The truth is, details matter when it comes to your estate plan. Circumstances can easily appear similar on the surface. But, what worked well for your neighbour’s family may turn out to be disastrous for yours. Worse, once you have obtained a false sense of security by purchasing a pro forma (template) will, failings in these documents are unlikely to be discovered prior to your death or incapacity.
Those you intended to protect are likely the ones who will discover shortcomings in your DIY documents. Not only will they have to address the legal and financial consequences of these failings, they will have to live with the emotional fallout of any unintended consequences (including litigation) of your so-called, ‘simple will’.
From the Trenches
I have seen many problematic template wills. Here are only a few examples:
- A woman with adult children and a recent second marriage named her husband as Executor on the first page and provided for funeral and interment on the second page. The Will was properly executed and witnessed. Sadly, she neglected to include the important clauses that usually make up the body of a Will, identifying her plans for distribution of assets.
- A widower with one disabled child and one child who was estranged named a friend as Executor and Trustee, with all assets to be held for and used to benefit the disabled child. He signed his will, but neglected to have witnesses present to attest to his signature, as is required under British Columbia law.
- A widow who previously loaned more than $150,000 dollars to her eldest daughter for the purchase of a home left all of her assets to her other children, but failed to mention the loan or her daughter’s refusal to repay it, leaving the impression that she had either forgotten the daughter by mistake or unreasonably disinherited her.

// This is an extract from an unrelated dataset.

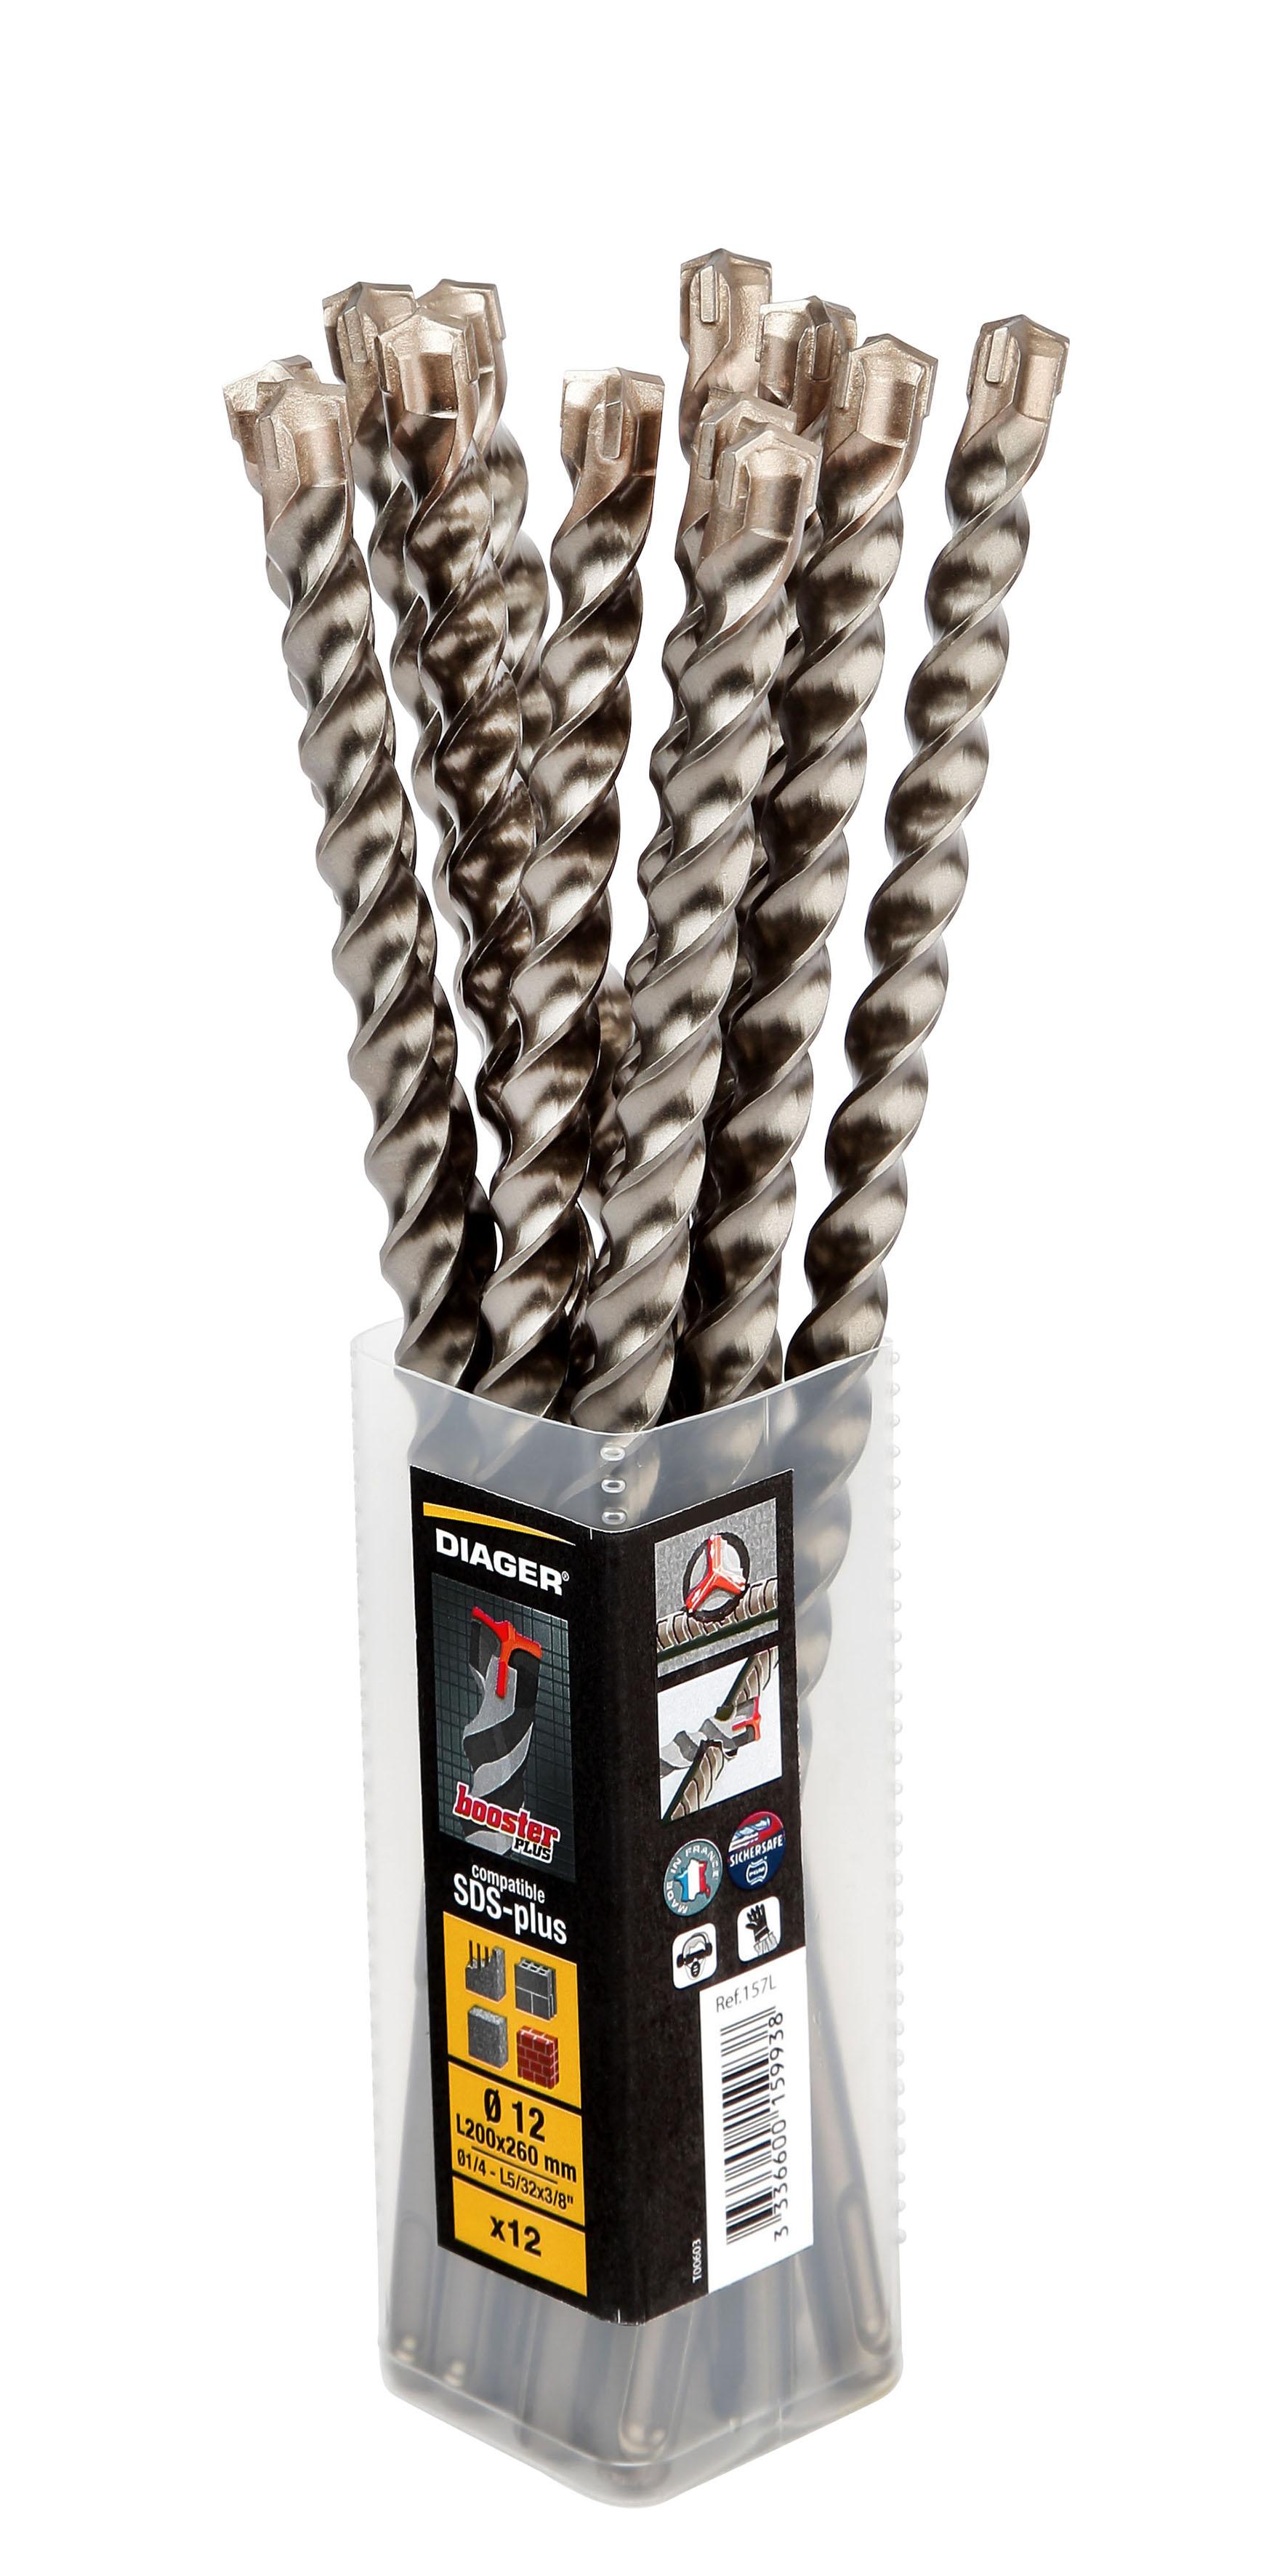 Drilling Booster Plus Hammer drill bit 3 cutting edges compatible SDS+ pack 12 pcs - 157L.jpg
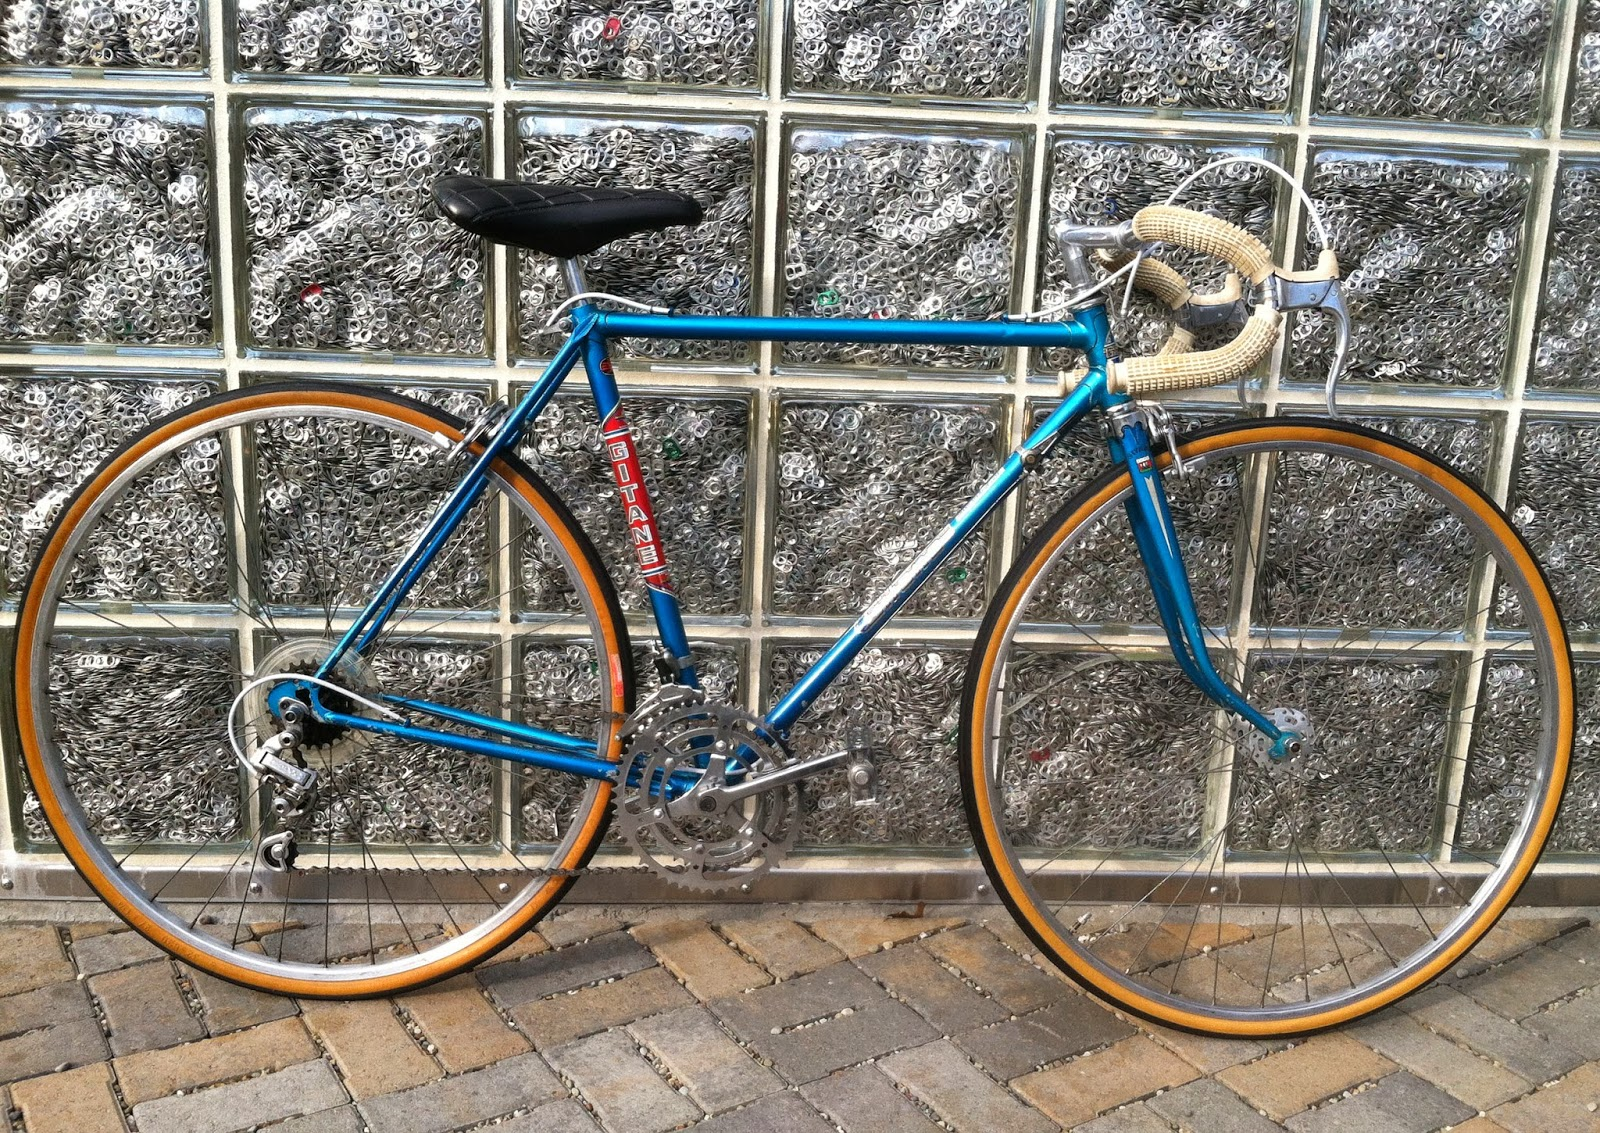 1972 Gitane Grand Sport Deluxe 12 Speed Whistle Bike Collective

- A man with one child of his own, who had also raised the son of his deceased common-law spouse, left his assets to “each of [his] children” who survived him, without defining the term children in a way that included his step-son. His deceased spouse had left everything to him, believing her son would inherit upon her spouse’s death. This disastrous error is far more common than one might expect – your estate planning professional must spend time with you to learn the legal nature of your family relationships.
The Fine Print
A prominent American document production company has recently entered the Canadian market, selling corporate documents. They are preparing to launch a line of estate planning documents. In addition to the published caution on their US based website that more than 80% of consumers will fill in questionnaire forms incorrectly or incompletely, the company’s disclaimer says, among other things:
- They are not responsible for the contents, products, services or use of their website;
- The information they provide is for general information, is not exhaustive and does not replace competent legal advice;
- No legal representations or warranties are made by them regarding the consequences of using their forms;
- You (and your loved ones) bear all risks associated with using their forms and they are not responsible for any losses suffered by you.
Wow! Not only are lawyers responsible for the services they provide, those services are specific to you and are intended to thoroughly cover your needs and wishes. Lawyers are not infallible, but they ARE required to carry practice insurance. At McQuarrie Hunter LLP, we stand behind our services and we offer real peace of mind.